* [Task to carry out]:
Output, exactly as written, the lines below from the one that has "Dyson DC14 Toy" through the one that has "Zen girl coloring"; nothing else, and no pictures.

* [Available data]:

-- Opening Marker --

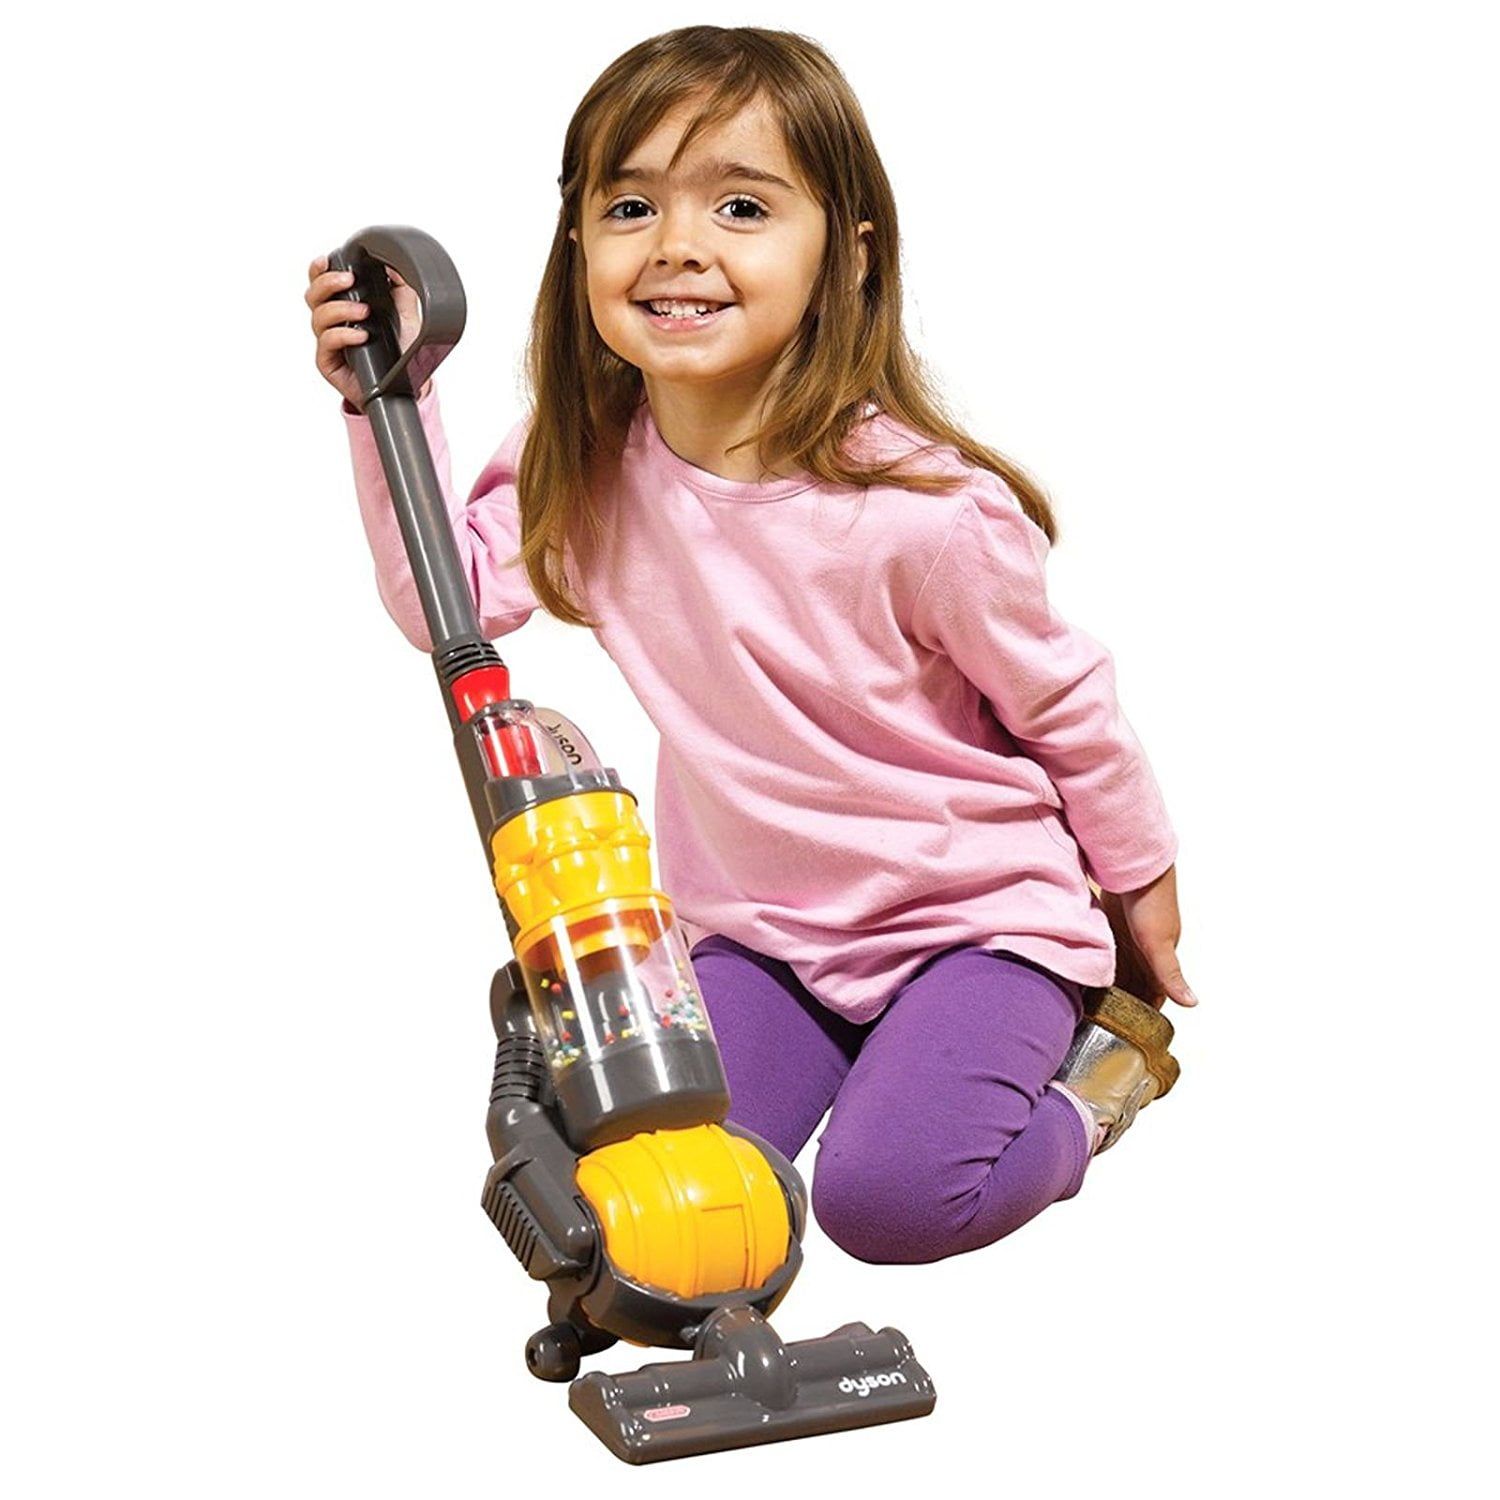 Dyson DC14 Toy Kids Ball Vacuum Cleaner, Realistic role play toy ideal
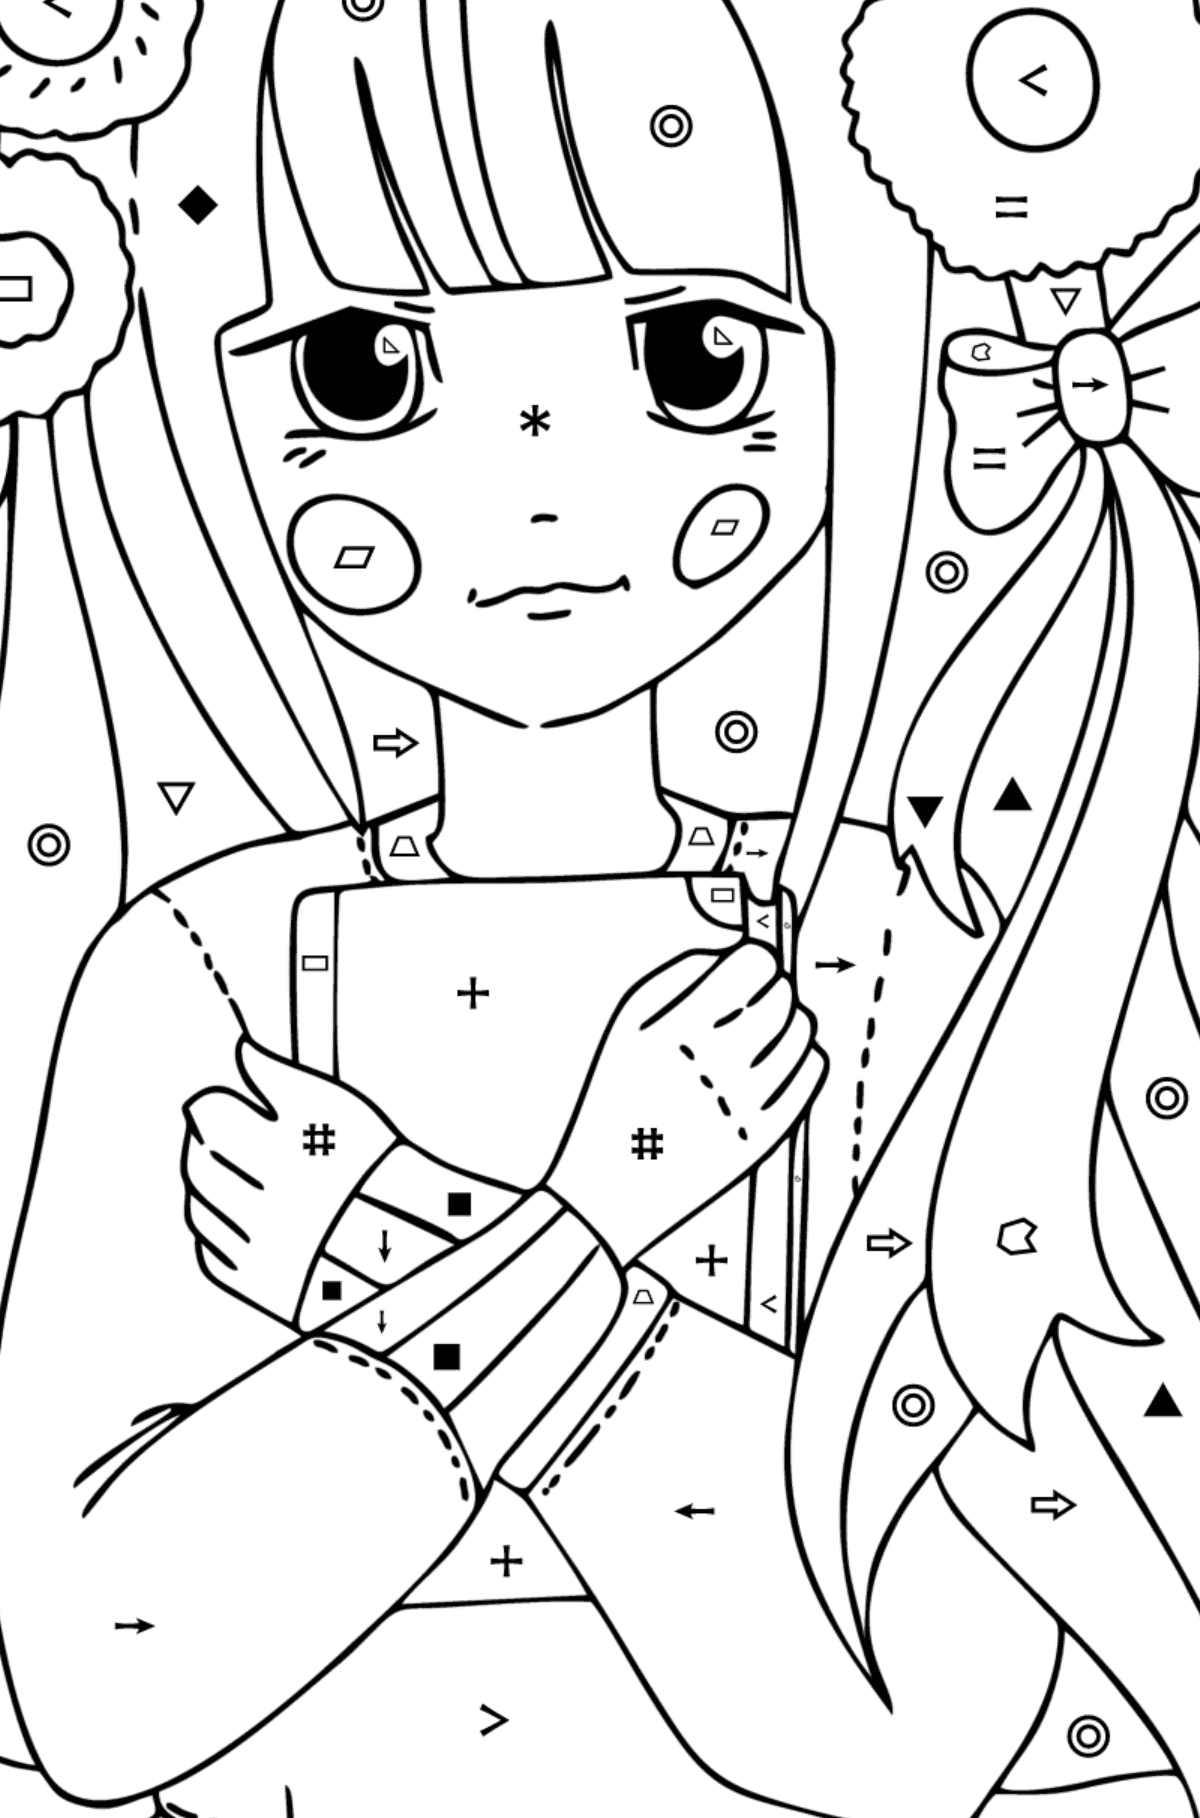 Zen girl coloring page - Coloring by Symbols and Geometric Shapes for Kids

-- Closing Marker --
-- Opening Marker --

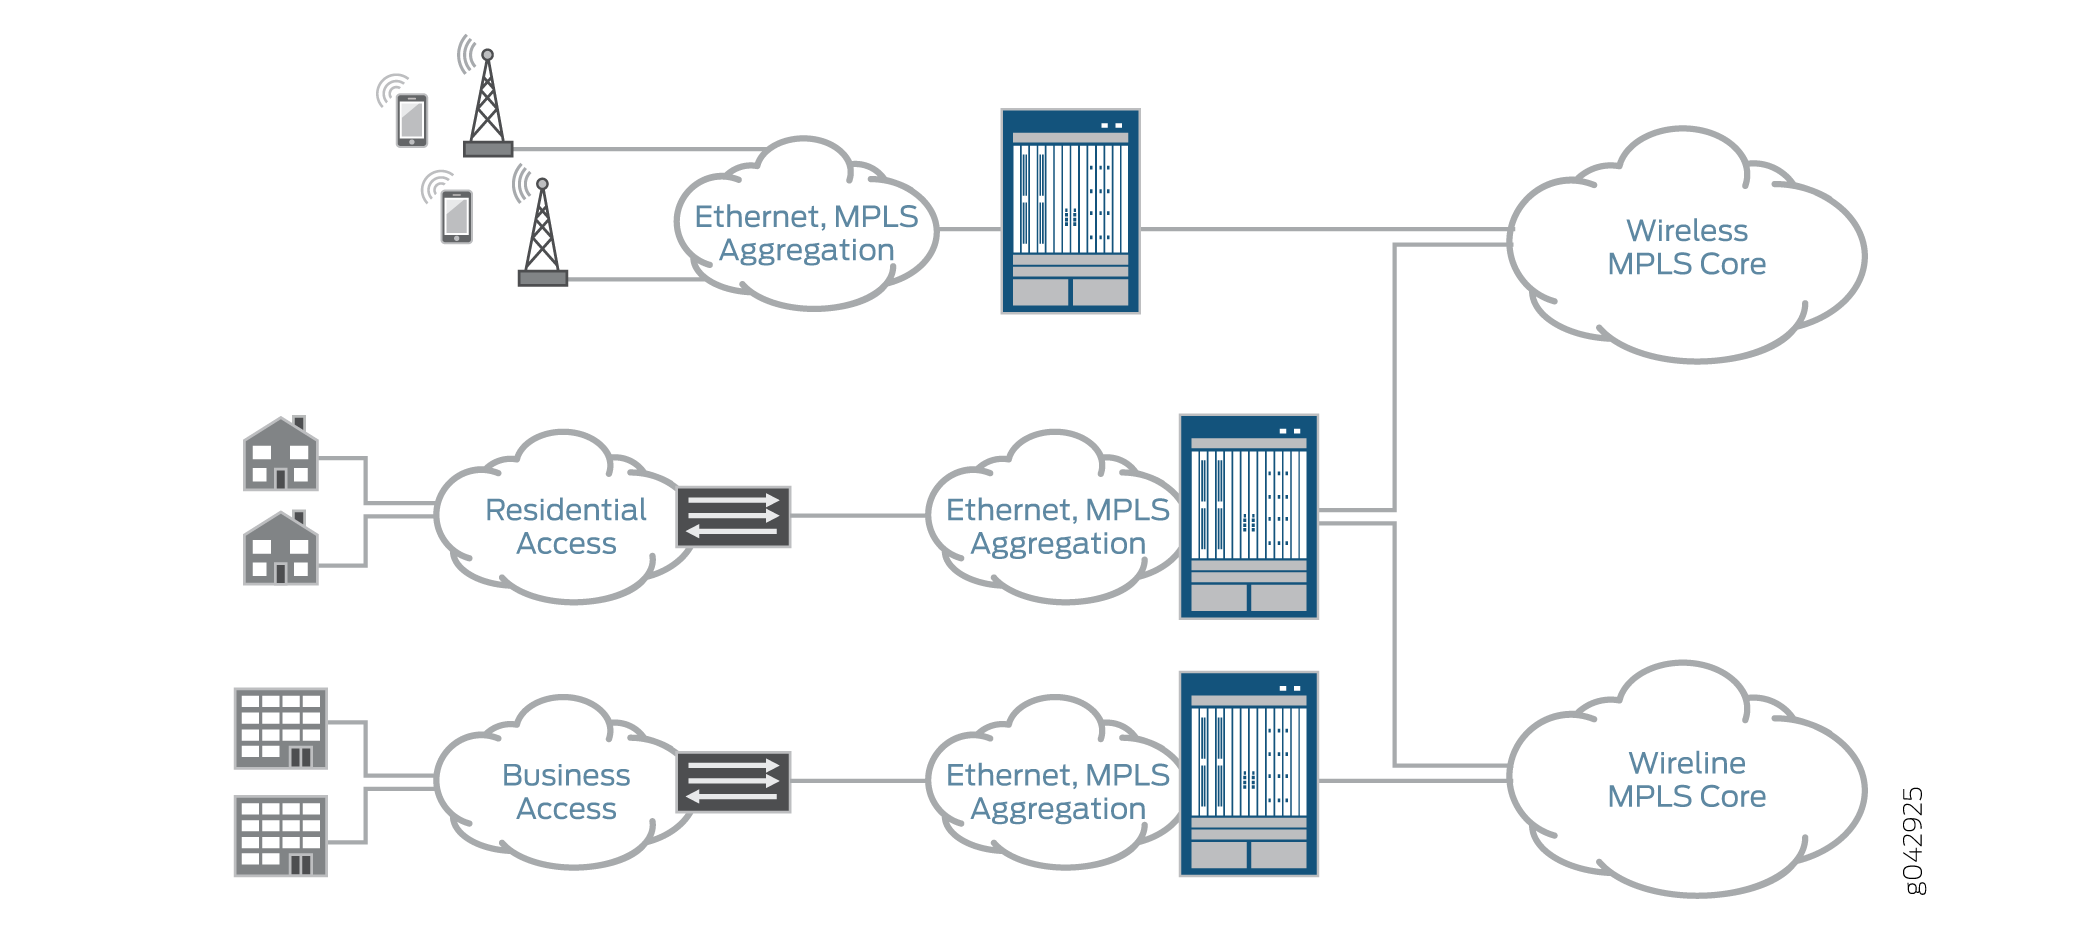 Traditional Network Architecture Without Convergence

-- Closing Marker --

* [Written solution]:
 Dyson DC14 Toy Kids Ball Vacuum Cleaner, Realistic role play toy ideal
 Zen girl coloring page - Coloring by Symbols and Geometric Shapes for Kids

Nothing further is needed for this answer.